The problem for US policy is the nature of the regime which succeeds Marcos and how the US adjusts to it.

This is a classic example of a dilemma which has bedeviled US foreign policy in country after country since World War II. We are on good terms with a ruler who protects American interests, military or economic or both, in his country. The ruler is overthrown. The people who overthrow him don't like the US, in part because the US has been too closely identified with him. American interests go down the drain. Is there a way to give this scenario a happier ending?

Some people, generally conservatives, argue that if we supported the ruler more vigorously (for example, the Shah in Iran or Somoza in Nicaragua), he would not be overthrown and we could continue to enjoy the status quo. Others, generally liberals, argue that if we had not been so close to the ruler in the first place, we could get along better with the people who threw him out.

Both arguments overlook some of the awkward facts that practitioners of foreign policy have to deal with. To go back to the case of the Philippines: Clark and Subic are important -- some would say essential -- to US national security. They represent an enormous investment. American forces can use them only by sufferance of the Philippine government. We have therefore perforce had to deal with whatever government has been in power, and since 1966 this has been Ferdinand Marcos.

It is characteristic of third-world rulers in Marcos's position that they try to bring the US into a closer association with them. They view this as a kind of protective cover. It also opens the way to more American foreign aid and political support. In a good many cases, this gambit had worked in the sense that it has at least postponed, if it has not avoided, revolution.

The trouble is that it has made the revolution, when it came, more radical, more violent, and more destructive of American interests than it might have been otherwise. There may be no way to avoid this, but there ought to be ways to make it less painful.

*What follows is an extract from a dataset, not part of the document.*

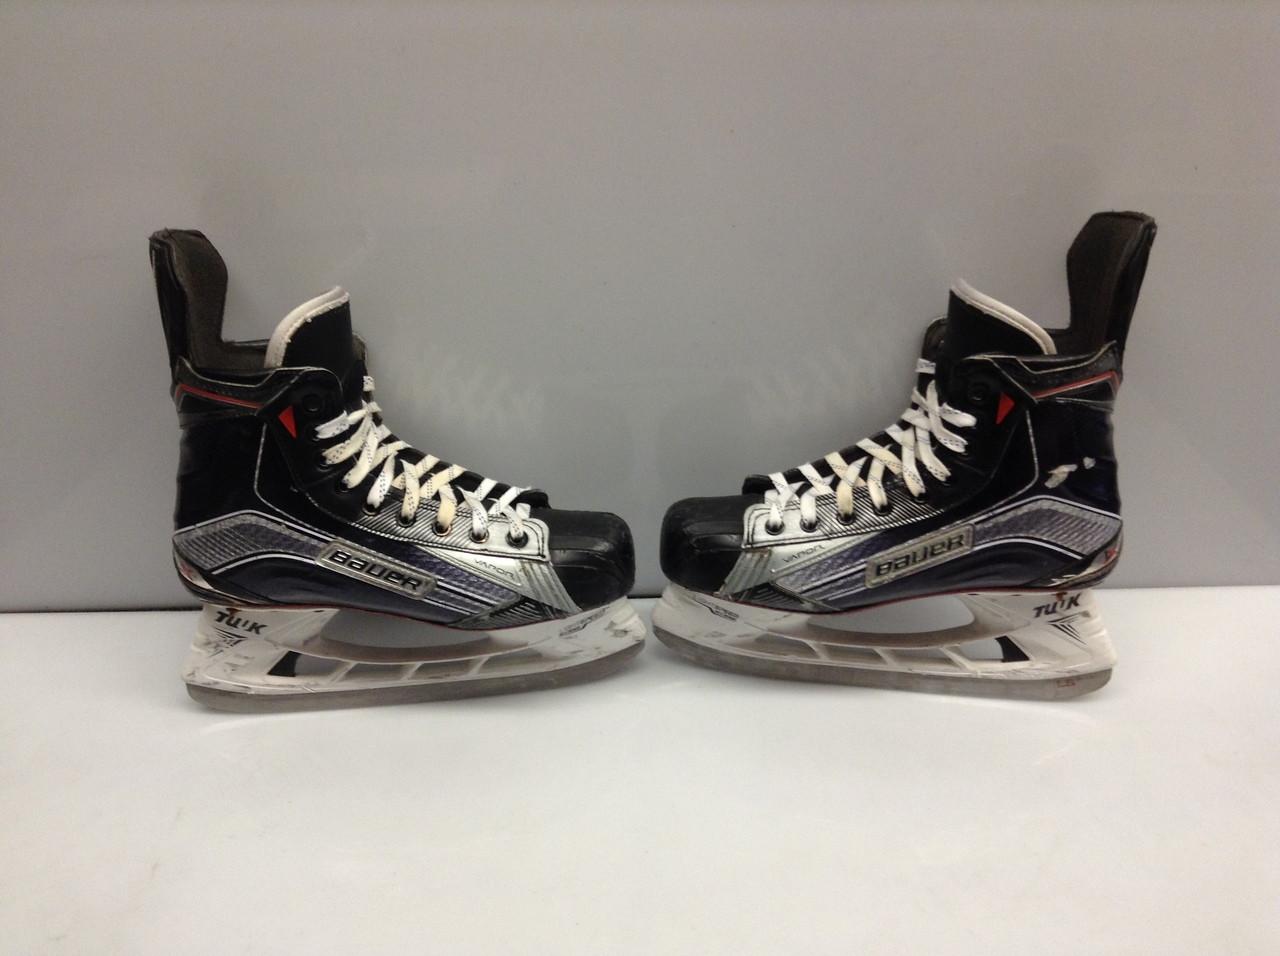 Used Hockey Skates >> Bauer Vapor 1x Custom Pro Stock Ice Hockey Skates 7 75 E Used Hartford Wolfpack Custom Ahl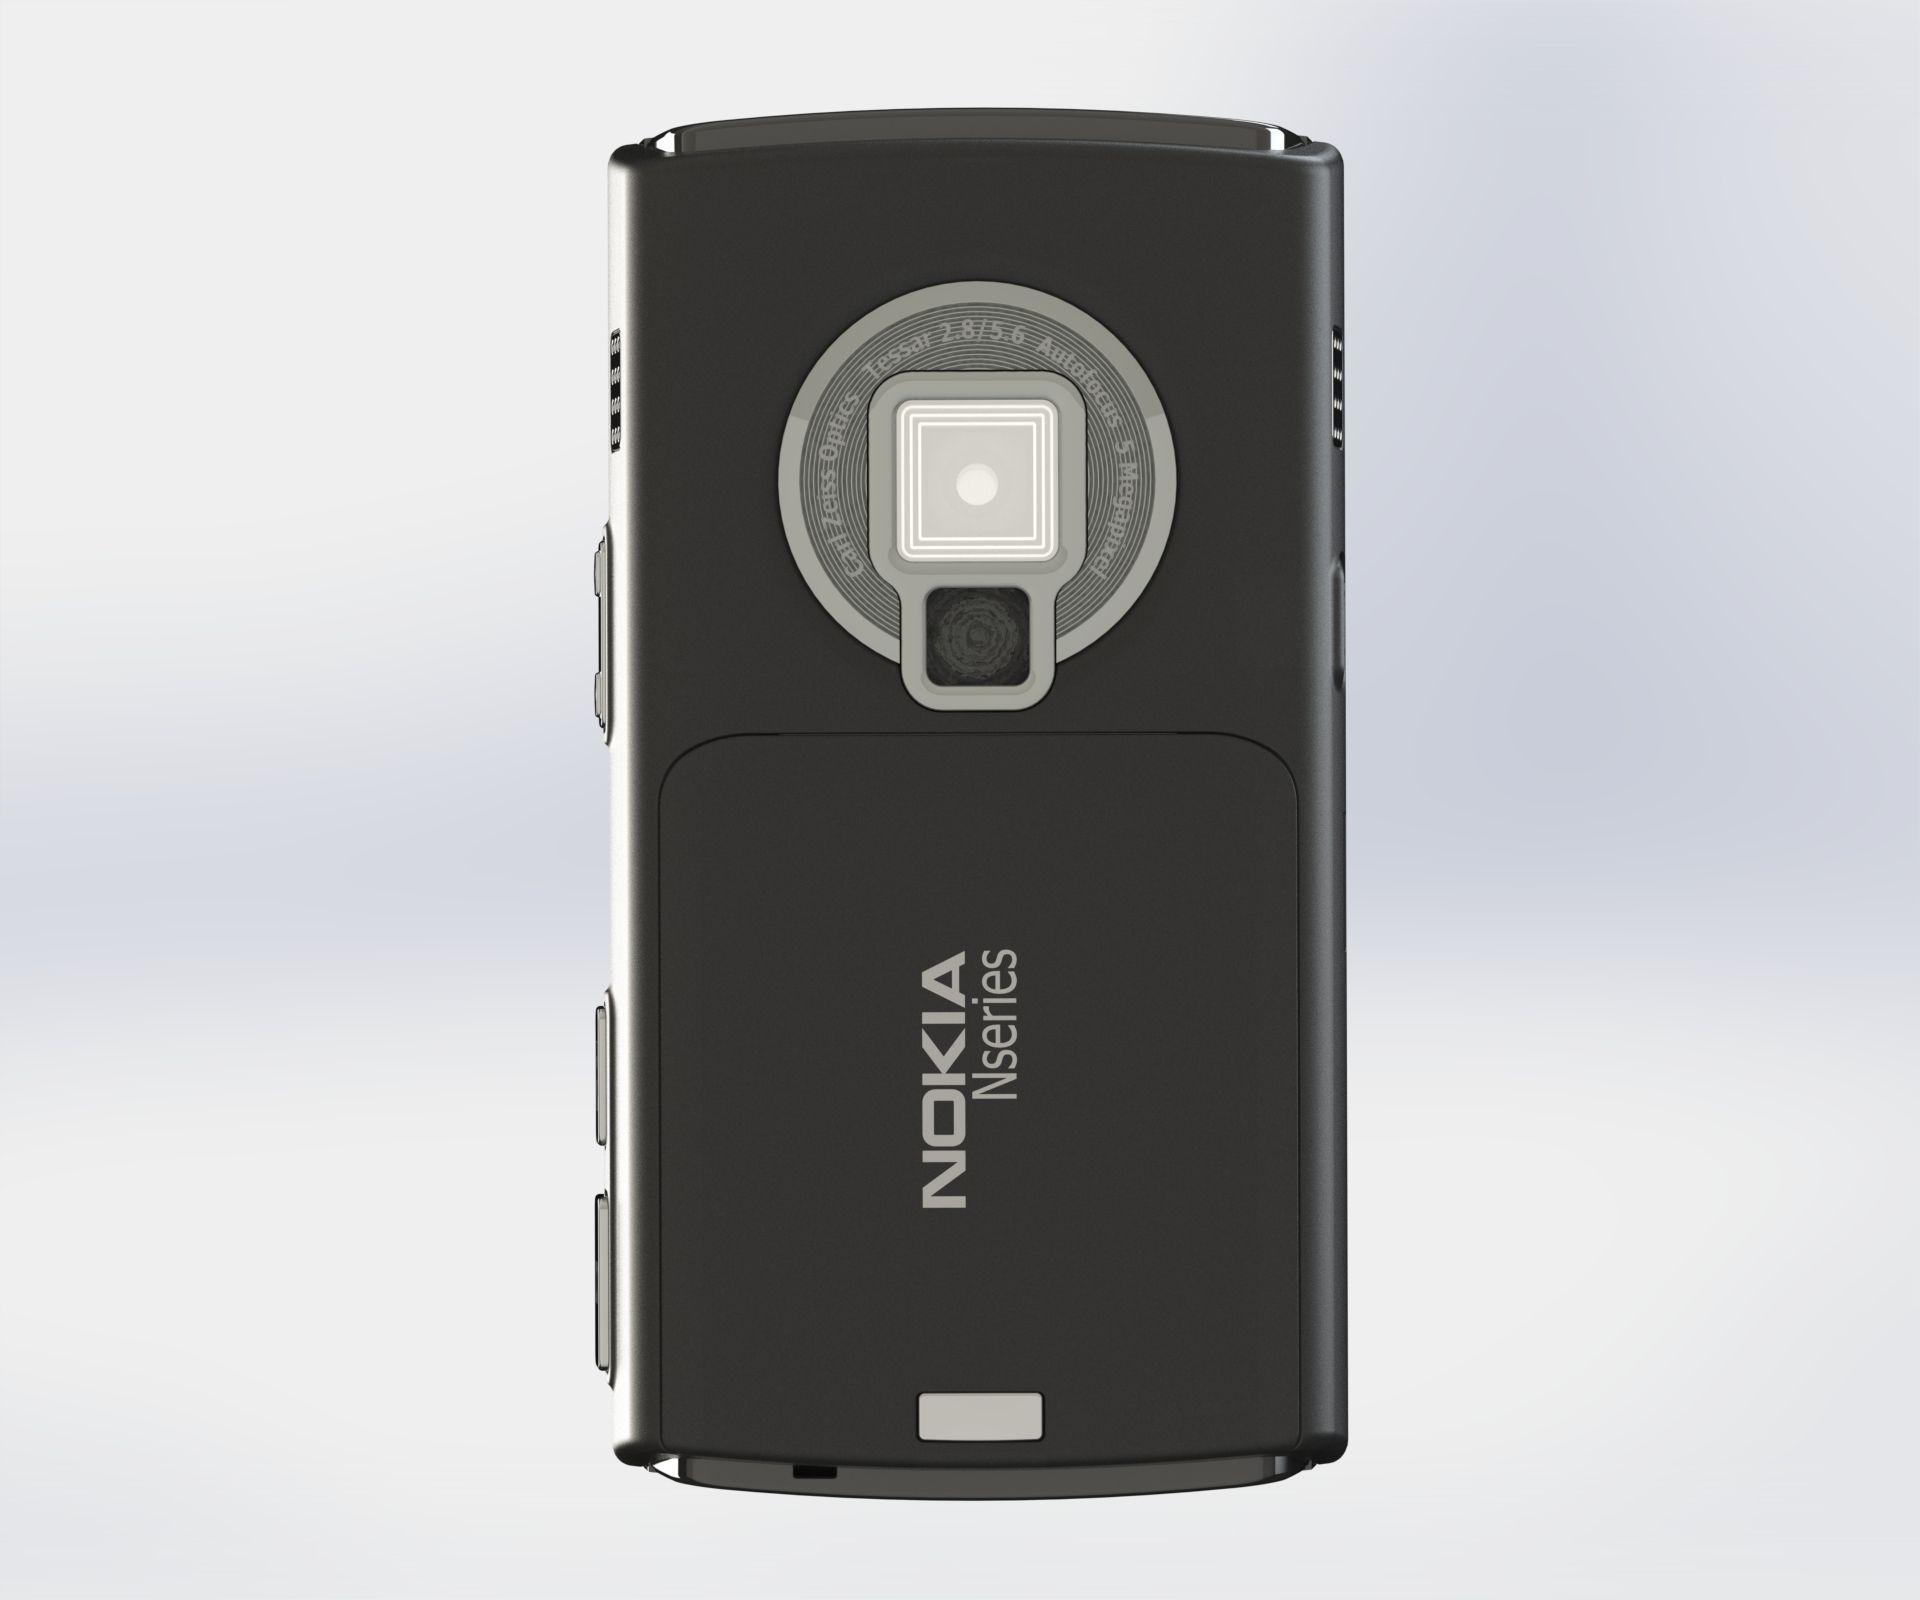 Nokia N95 8Gb 3D Model MAX OBJ FBX SLDPRT SLDASM SLDDRW ...

The United States typically is too eager to lock itself into the embrace of a ruler who has something we want. Marcos is a case in point. But we have some things he has wanted, too -- foreign aid, sugar quotas, and commercial credits, among others. In the Philippine case, it may already be too late to start dissociating ourselves, but next week will be later than this week.

Americans generally are uncomfortable with radical change, especially when communists are part of it, and American governments have generally not been very skillful in dealing with it. We could probably deal with it better if we got used to the idea that it is happening, and is likely to continue to happen, in much of the world.

In situations like that in the Philippines, US policy has tried to find a moderate force which it could support -- something between the dictator on his way out and the revolutionaries on their way in. This has not often worked; it failed in Cuba and Nicaragua, among other places. Notwithstanding, the US would probably be better off in the Philippines if it were publicly closer to the Catholic Church and the followers of the assassinated opposition leader Benigno Aquino than to Marcos.

None of this deals with the hard question of the insurgency in the countryside. The insurgents are violent. They kill people. They destroy property. Such behavior can perhaps be understood, but it cannot be accepted. Yet controlling it requires force, and force means armies and police, and supporting them means supporting the unpopular government of which they are agents.

There may be no way out of this catch-22. That is why somebody in the State Department and the National Security Council had better be thinking about it. And somebody in the Pentagon had better be looking for alternative sites, if there are any, for Clark and Subic. Or planning how to get along without them.

Pat M. Holt, former chief of staff of the Senate Foreign Relations Committee, writes on foreign affairs from Washington.